Create a VPC, you can name it whatever you want. I chose my project name for my VPC name. For the CIDR block we do not need to restrict ourselves so we will create a large VPC with a /16 block. If you feel that is excessive feel free to reduce it to /18 or /20. We are also not using Dedicated tenancy so we will stick to Default.

The next thing to ensure is that DNS resolution is enabled within your VPC. If this is not toggled then you will be unable to use an ELB with your EC2 targets. Simply go to Edit DNS resolution and ensure that the DNS resolution checkbox is enabled.

Subnet

Best practice is to create at least 2 subnets so that you can have hosts in 2 different availability zones. This increases the availability story of your application. Let’s go ahead and create 2 subnet’s in our new VPC (or default VPC if you decided not to create a new VPC). Head over to the VPC overview page and select the Subnets link from the left navbar.

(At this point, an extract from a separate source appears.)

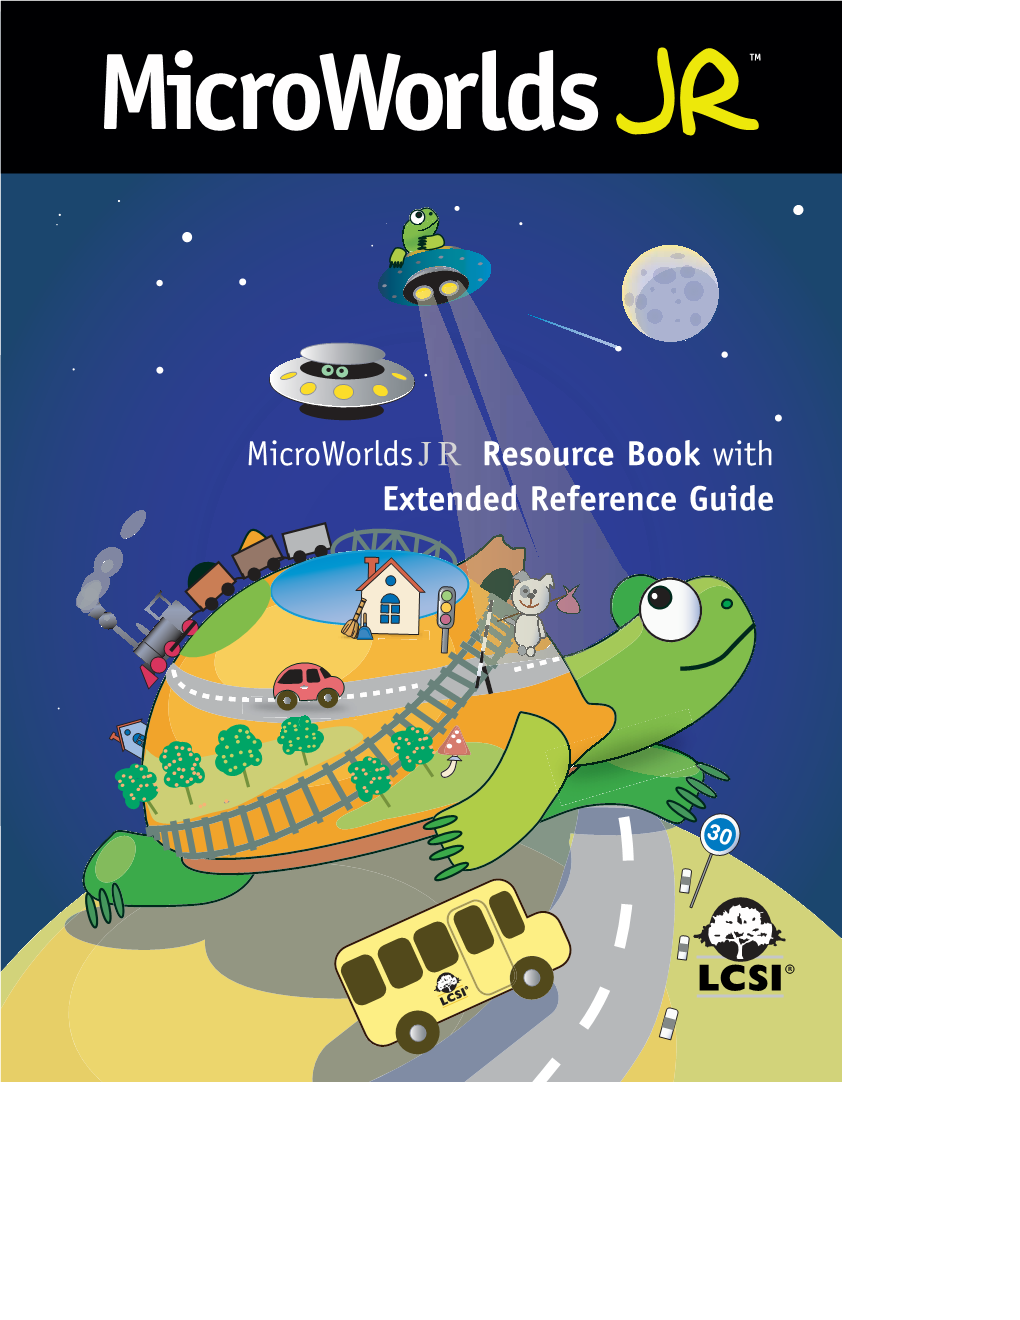 Microworldsjr Resource Book with Extended Reference Guide

Hit the Create Subnet button at the top of the page.

  1. First select the VPC you want to create the subnet
  2. Pick an Availability Zone (make sure each subnet has a different one)
  3. Create your CIDR range so that its a subset of the main VPC. For example use 172.30.1.0/24 and 172.30.2.0/24.

To make life a bit easier let’s make sure to enable public ip’s on our instances. We will be applying a security group so that only the ELB can talk to the instances but this will allow us to expand that later if need be.

  1. Select each subnet on the Subnets page for our VPC
  2. Select Actions at the top and navigate to Modify auto-assign IP settings
  3. Ensure that the checkbox is enabled

Internet Gateway

In order to route traffic to your ELB and ultimately your application, your VPC must be able to have ingress/egress from the internet. On the same VPC page, select the Internet Gateways link and create a new Internet Gateway. This will allow us to attach it to the VPC. Once the Internet Gateway is created, from the Actions dropdown attach it to the desired VPC.

Route Table

The next step is to make sure that your route table can route traffic correctly between resources inside your VPC and from the internet through your internet gateway.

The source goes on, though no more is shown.